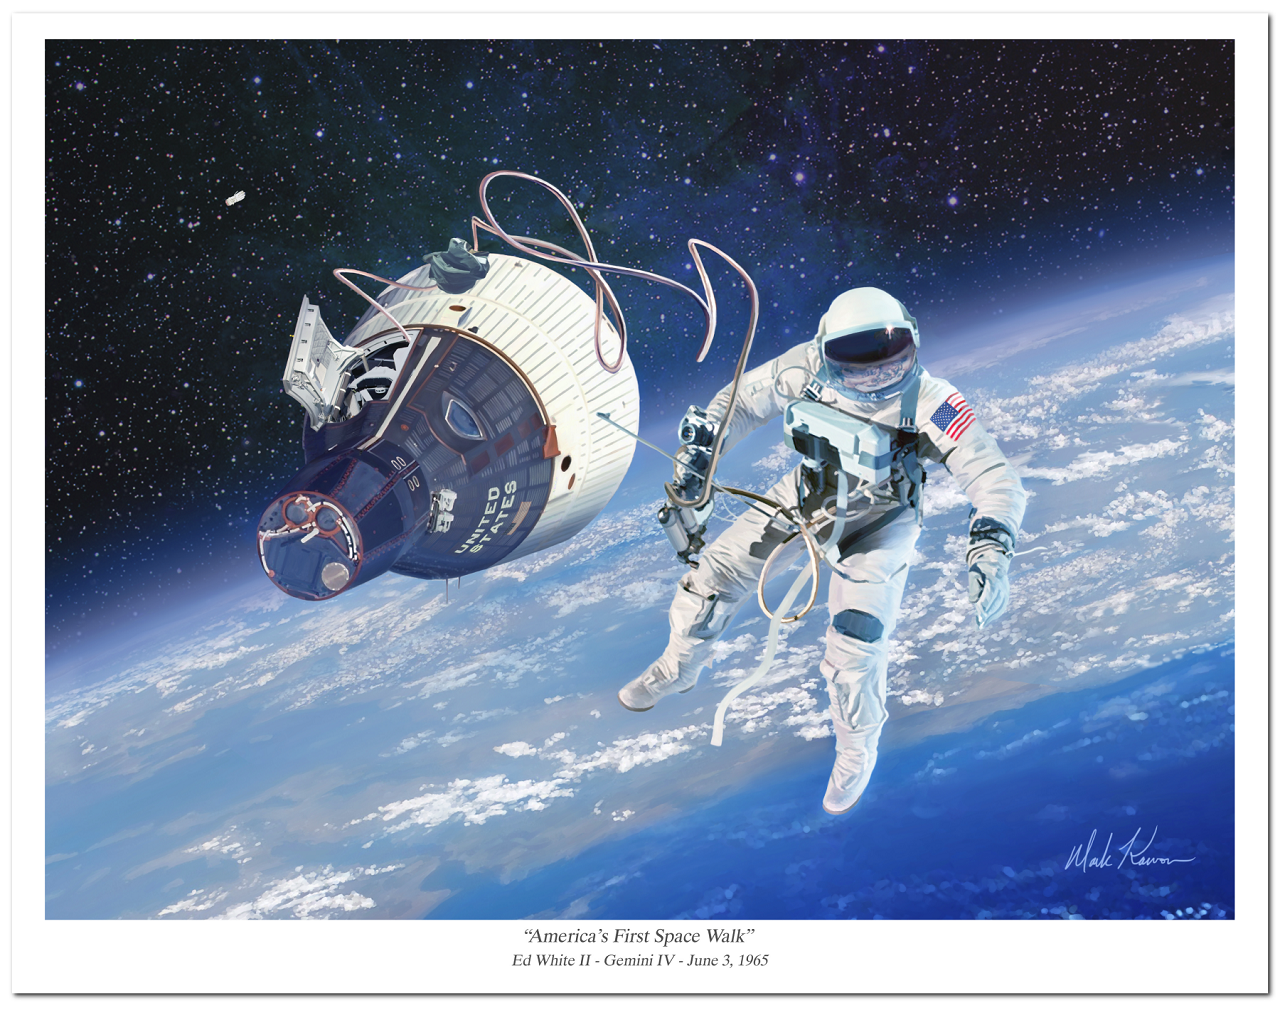 "America's First Space Walk" by Mark Karvon, Ed White II and Gemini IV
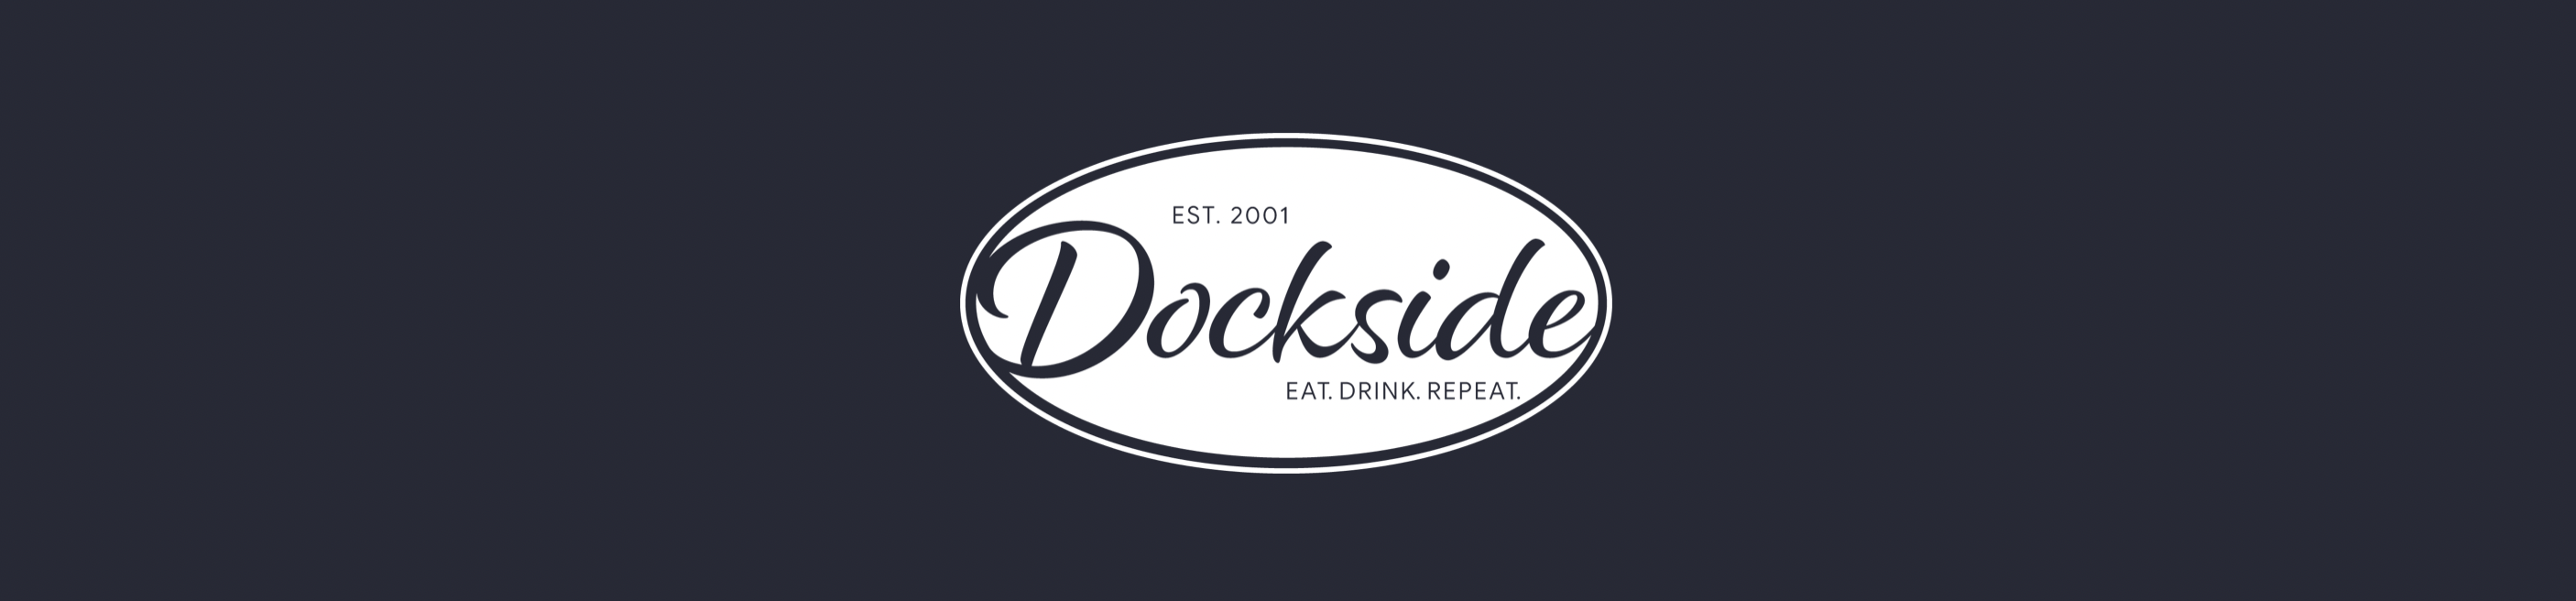 Dockside Restaurant
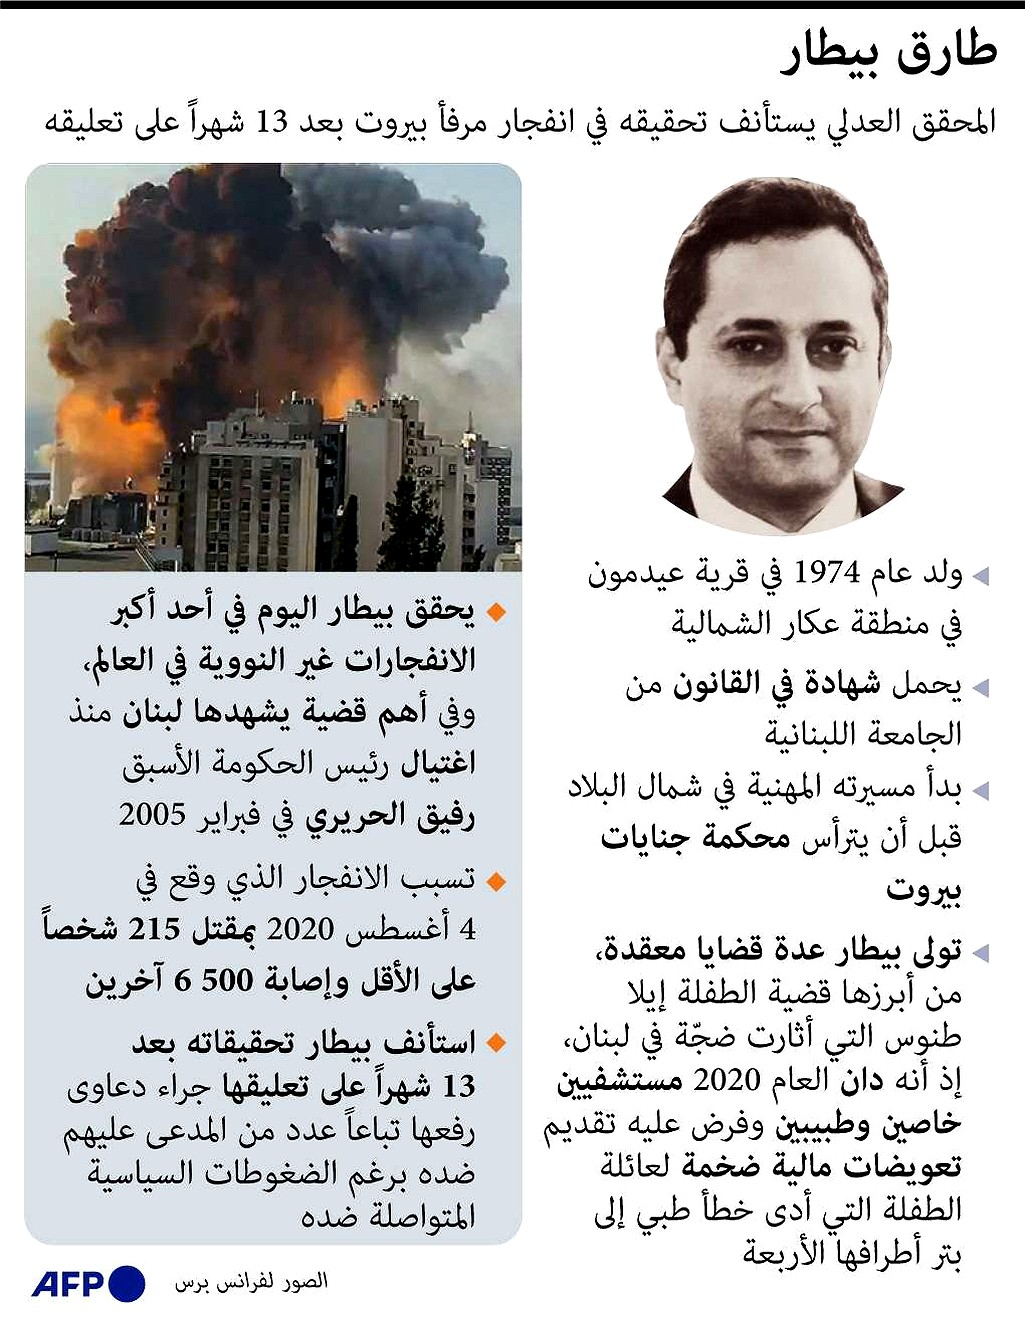 طارق البيطار برز اسمه مع تكليفه بالتحقيق في انفجار مرفأ بيروت
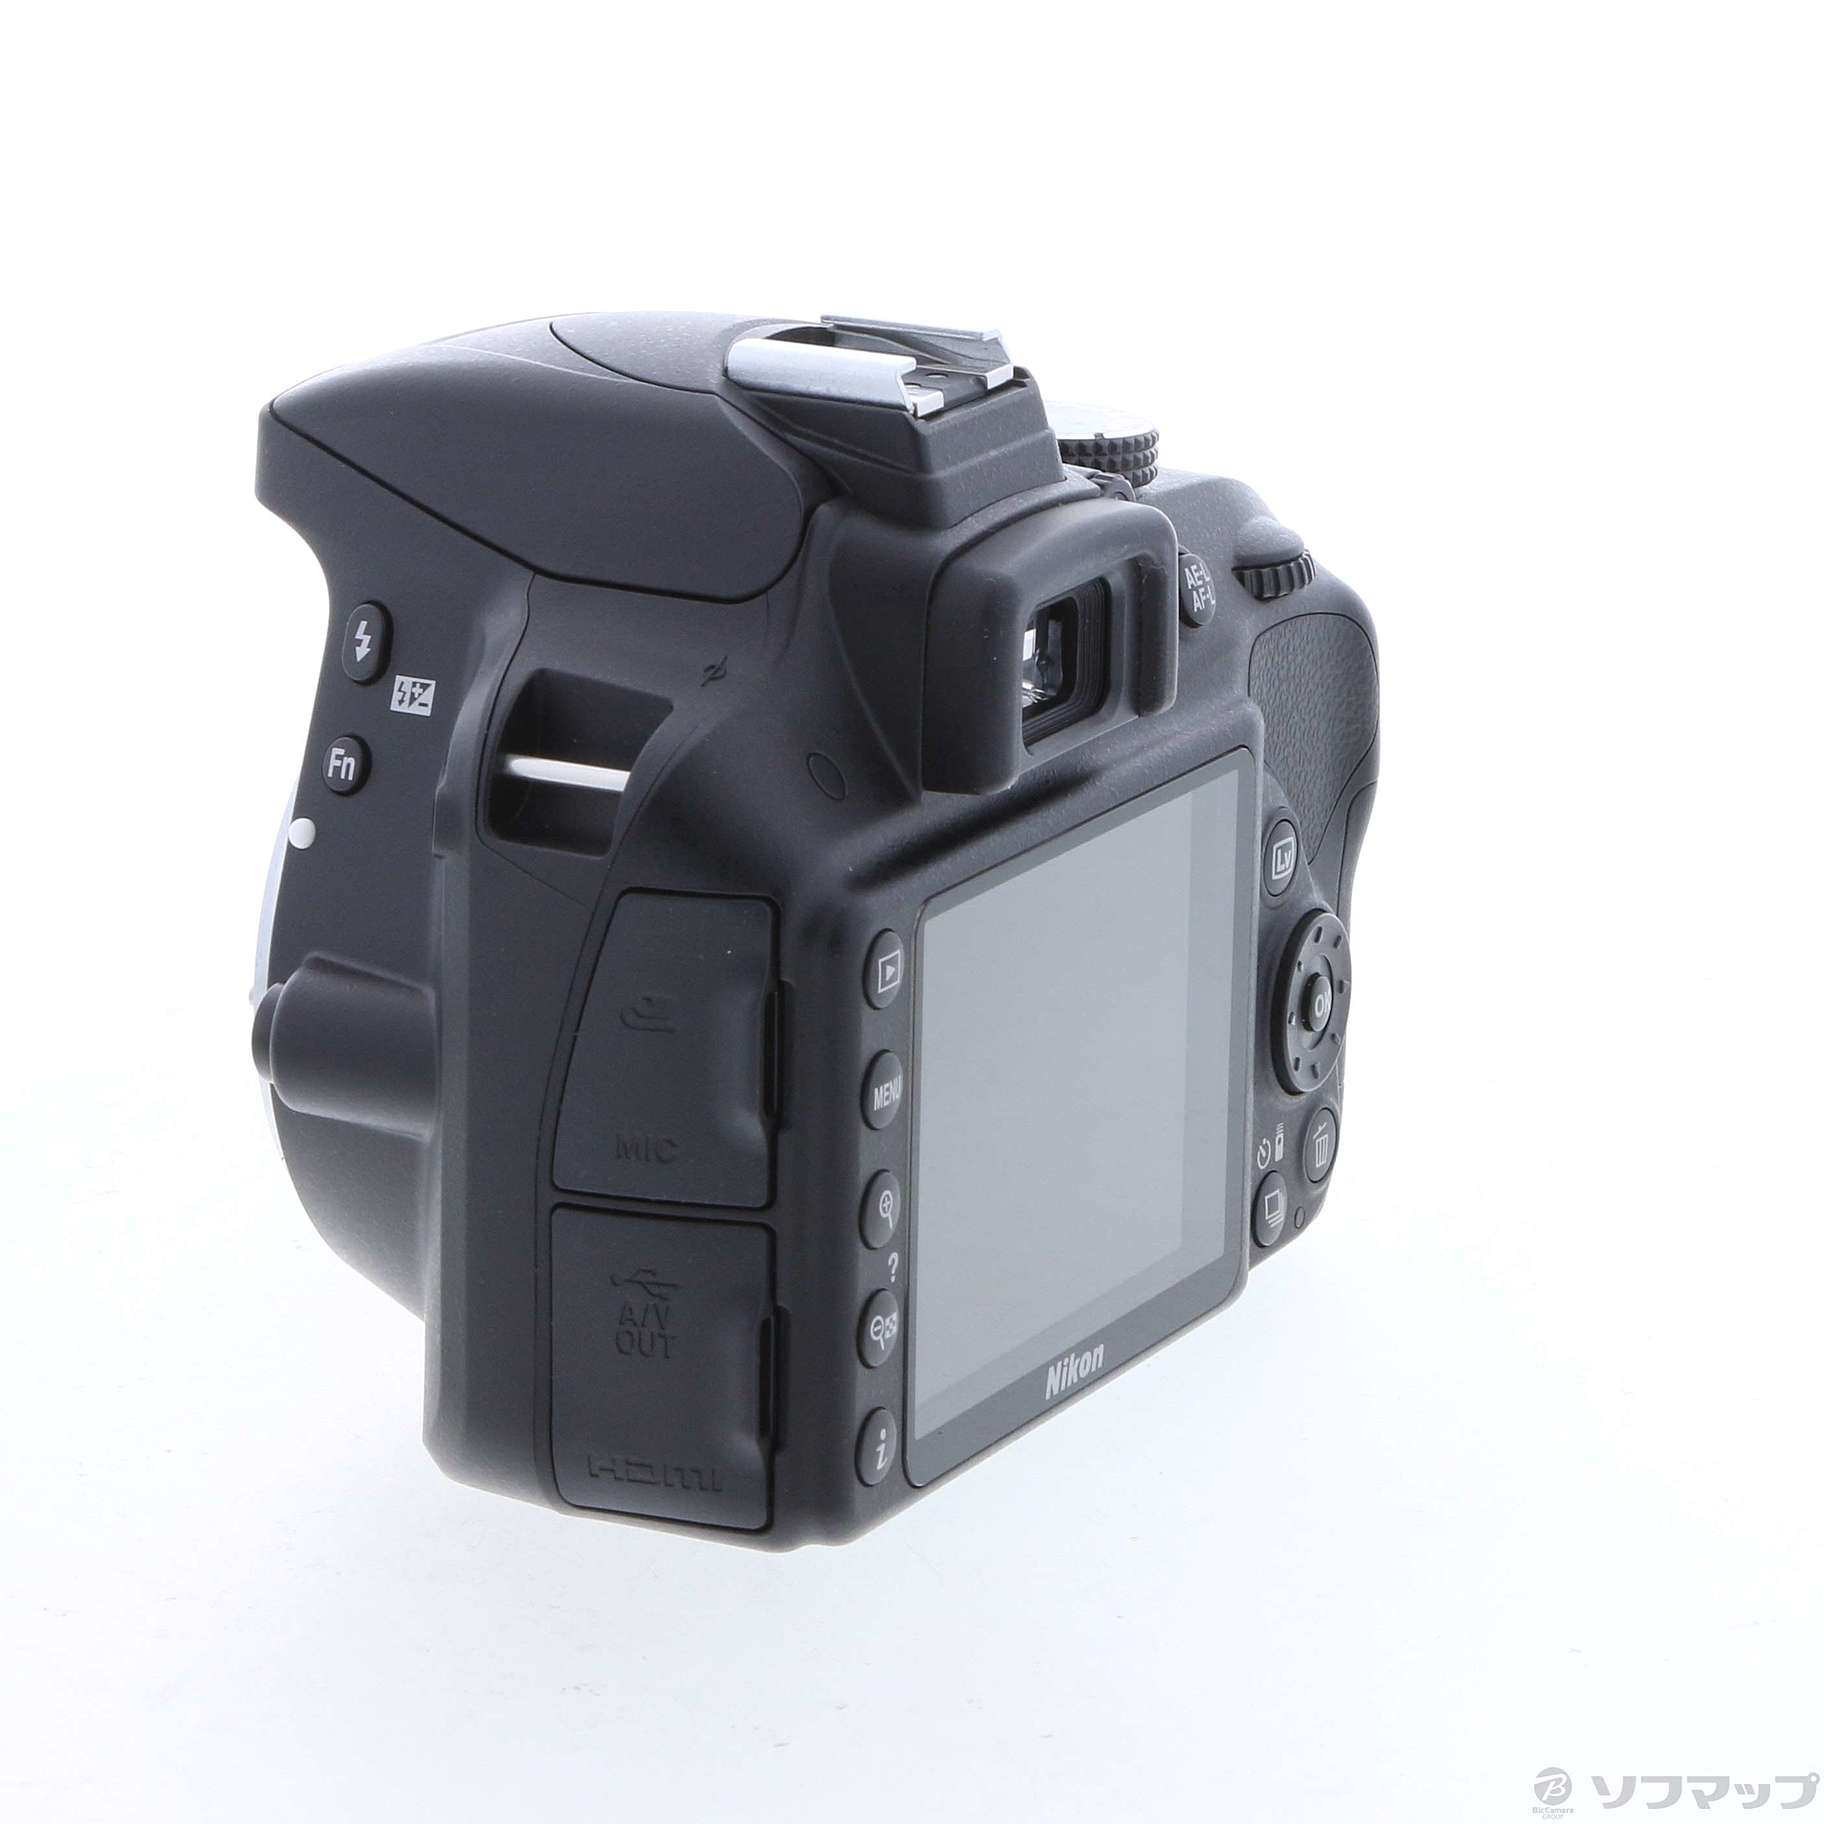 Nikon d3300 ジャンク品

---+---

_Goal of the exercise:_ Going from the line holding "Dockside Restaurant" to the last line of the data above, reproduce every line exactly, both included, with the pictures omitted.

_Response for this exercise:_
 Dockside Restaurant
 طارق البيطار برز اسمه مع تكليفه بالتحقيق في انفجار مرفأ بيروت
 Nikon d3300 ジャンク品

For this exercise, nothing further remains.